In The Haskell Cabal and Cross Compilation post, I’ve mentioned evil splicer and ZeroTH. Both use a strategy where the Template Haskell splices are extracted from the source, compiled on the build machine, and the results are then spliced back into their places. This however implies that the splices are evaluated on the build machine with libraries build for the build machine. Subtle differences between build and host can potentially lead to incorrect results (e.g. 32 vs 64bit).

GHCJS is a Haskell to JavaScript compiler that uses the GHC API. As such it is also a cross compiler as its target is a JavaScript runtime, while GHCJS itself does not run on the JavaScript runtime. GHCJS however supports Template Haskell via its out of process Template Haskell solution for some time now. GHCJS does this by running a node.js server. GHCJS transfers the compiled Template Haskell code to the server process, links and evaluates it there and ship the result back to the GHCJS process.

Since GHC 8.0.1, GHC has The External Interpreter, which provides support for a very similar mechanism. If GHC is provided with the -fexternal-interpreter flag, it will evaluate interpreted code in a separate process.

If we tried a similar approach to GHCJS with our Raspberry Pi (and we will tomorrow), we would run into an issue that is transparent to GHCJS, but not in our case. GHCJS runs the node.js server on the same machine. This is important, because it means that the node.js process sees the same file system that GHCJS sees. It also can shell out to any process GHCJS could shell out to, because the run on the same machine.

Therefore, if we transfer, link and run a Template Haskell function on our host (here: Raspberry Pi), it will not see the same file system or be able to shell out to the same processes that GHC could. The Template Haskell function will see the hosts and not the build machines environment. This is contrary to what many packages that use Template Haskell assume; they assume to operate in the same environment, can access the same file system, and call the same commands the GHC process can. For example the gitrev package, which allows among others to embed the git repository hash into the program, natively assumes that it can operate in the same environment in which GHC is operating; the one that has git available and contains the module that is being compiled, and into which the git hash is supposed to be embedded.

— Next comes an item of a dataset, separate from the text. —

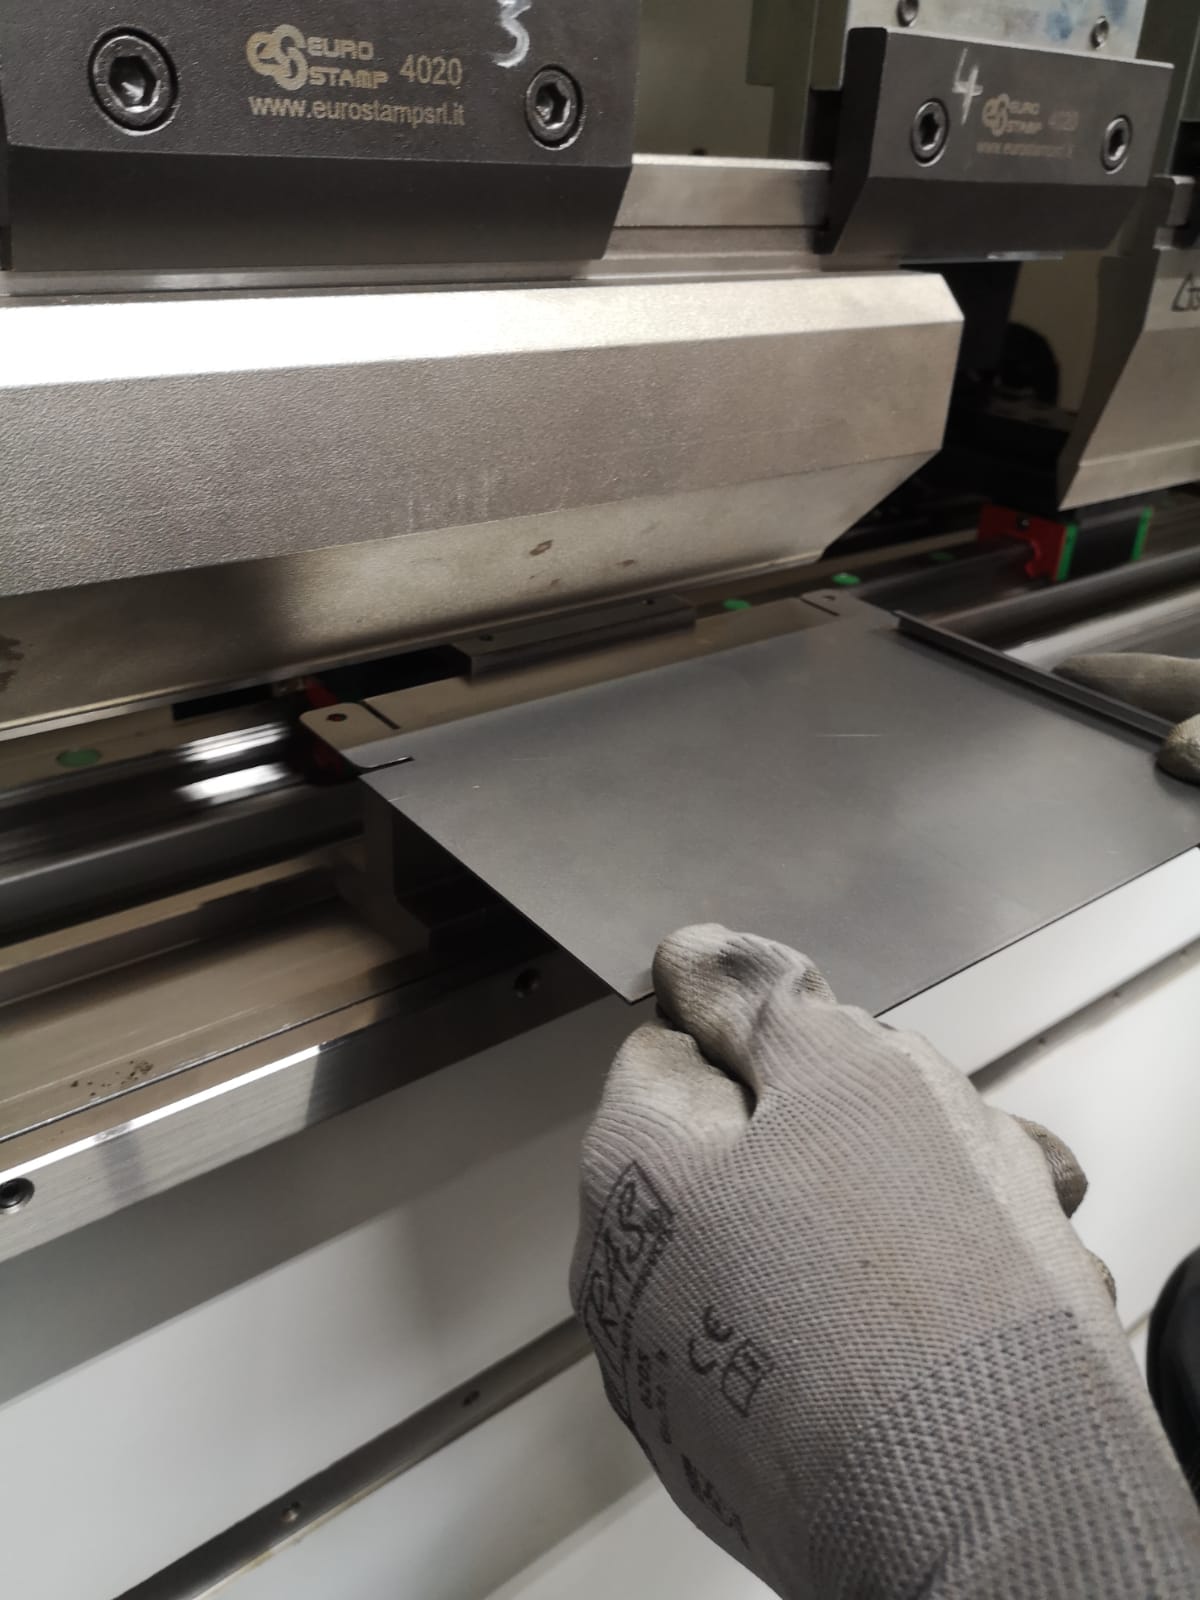 CNC-Abkantpresse bei Rostikal in Aktion, präzises Biegen eines Metallblechs für Edelrost-Dekorationen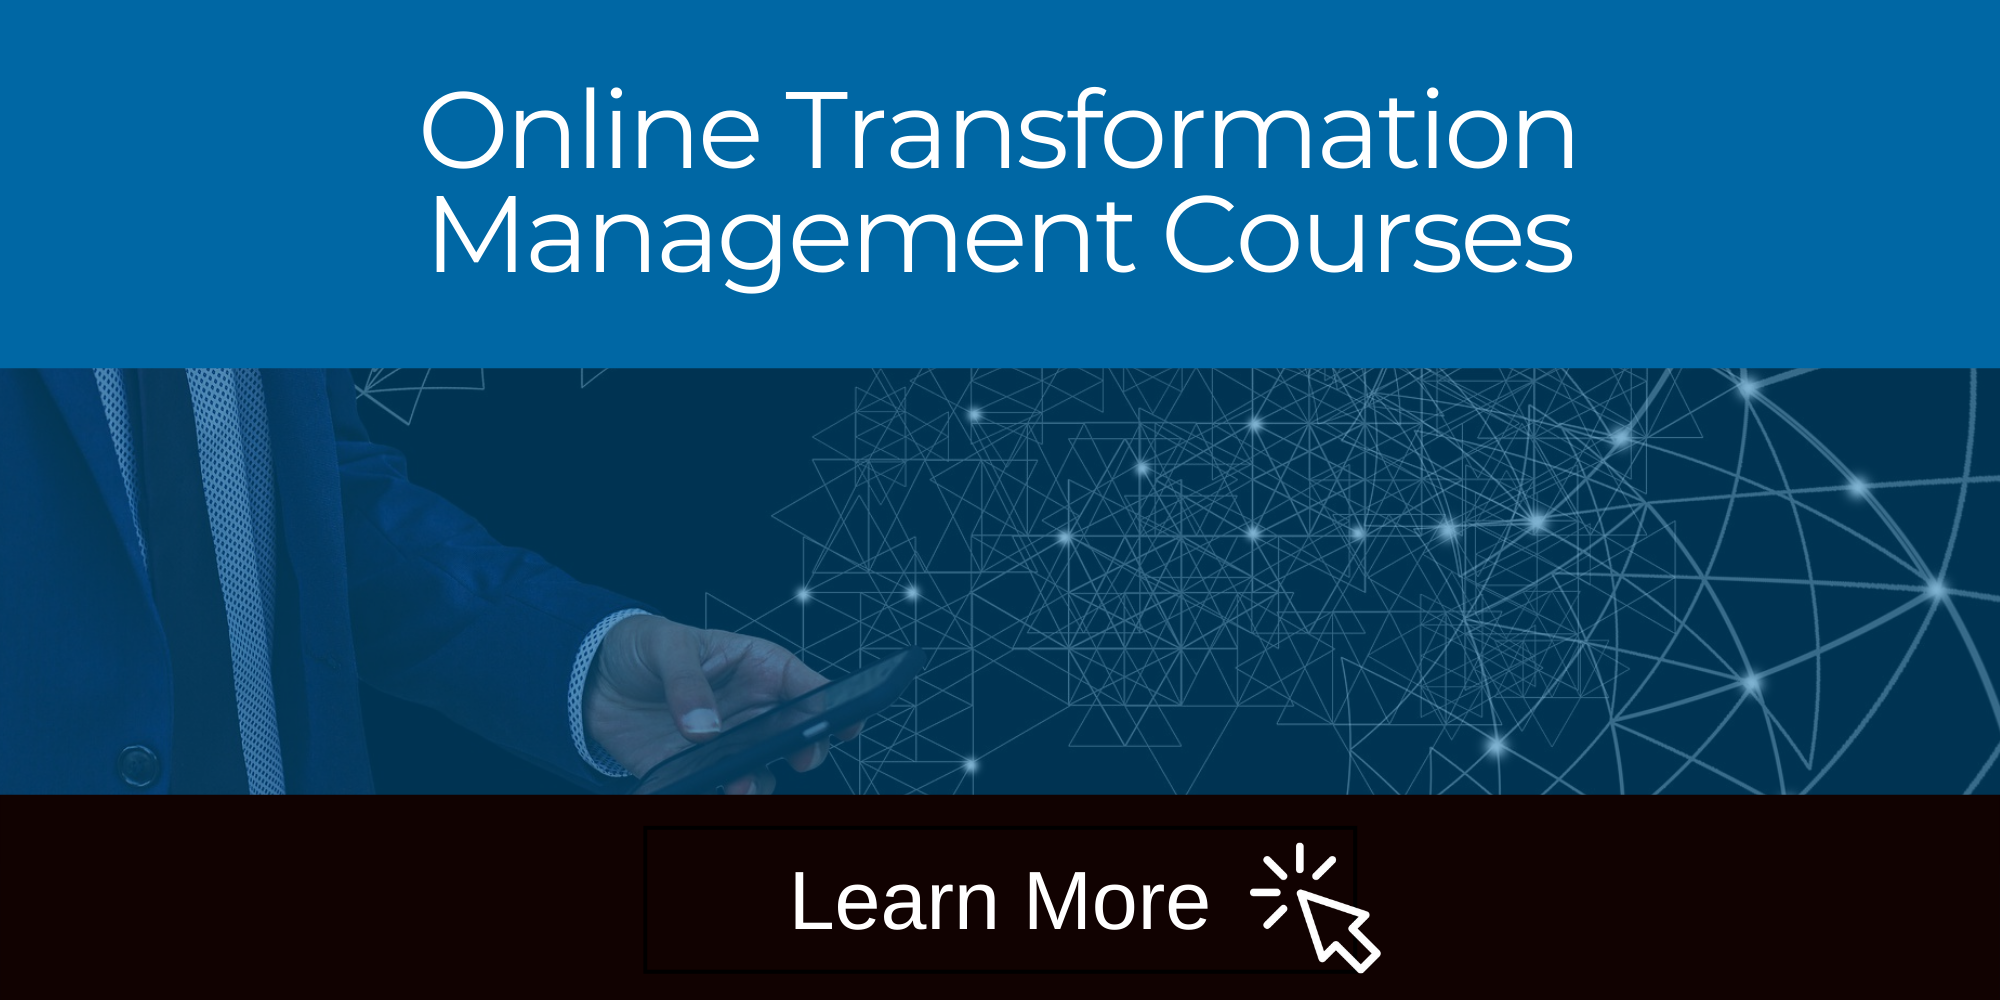 Online Courses

File and Process IO Example

An example where both file IO, and process IO might be used would be an application that wants to reproduce the licenses of the libraries it uses, and provide a version with a git hash to identify the exact commit from which it was built. While we could use a separate file containing the licenses, we opt to actually include the licenses in the binary. We’ll assume that our Main.hs is in a git repository and our licenses are aggregated in a LICENSES file.

{-# LANGUAGE TemplateHaskell, LambdaCase #-}
module Main where
import Development.GitRev (gitHash)
import Data.FileEmbed     (embedStringFile)
import System.Environment (getProgName, getArgs)
import System.Exit        (die)
main :: IO ()
main = getArgs >>= \case
  ["--licenses"] -> putStrLn $(embedStringFile "LICENSES")
  ["--version"]  -> putStrLn ("Version " ++ $gitHash)
  _otherwise     -> do
    prog <- getProgName
    die $ "usage: " ++ prog ++ " [--licenses] [--version]"

While this is clearly some rather contrived code, this rather simple, innocent looking snipped can not trivially be cross compiled. When GHC encounters the $(embedStringFile "LICENSES") splice, it will build a bytecode object (BCO), that calls embedStringFile with "LICENSES". Thus loading the file-embed library, and evaluating the BCO. The BCO requests a handle on the embedStringFile function, and invokes it with "LICENSES". While this could execute perfectly fine on the host, the function runIO is opaque to GHC, and GHC can’t tell if the IO action will read/write files or call a program. GHC would simply try to read the LICENSES file on the host. This was not our intention! The same holds for the $gitHash splice, from which we expect to run git on the build machine and obtain the git hash of the source directory.

Summary

We have now seen that Template Haskell poses some interesting problems for cross compilation that require GHC to be able to load, link, and evaluate object code on the host. Due to the environmental differences (file system, available programs, …) the inability to execute Template Haskell functions on the build machine makes file and process IO nonsensical.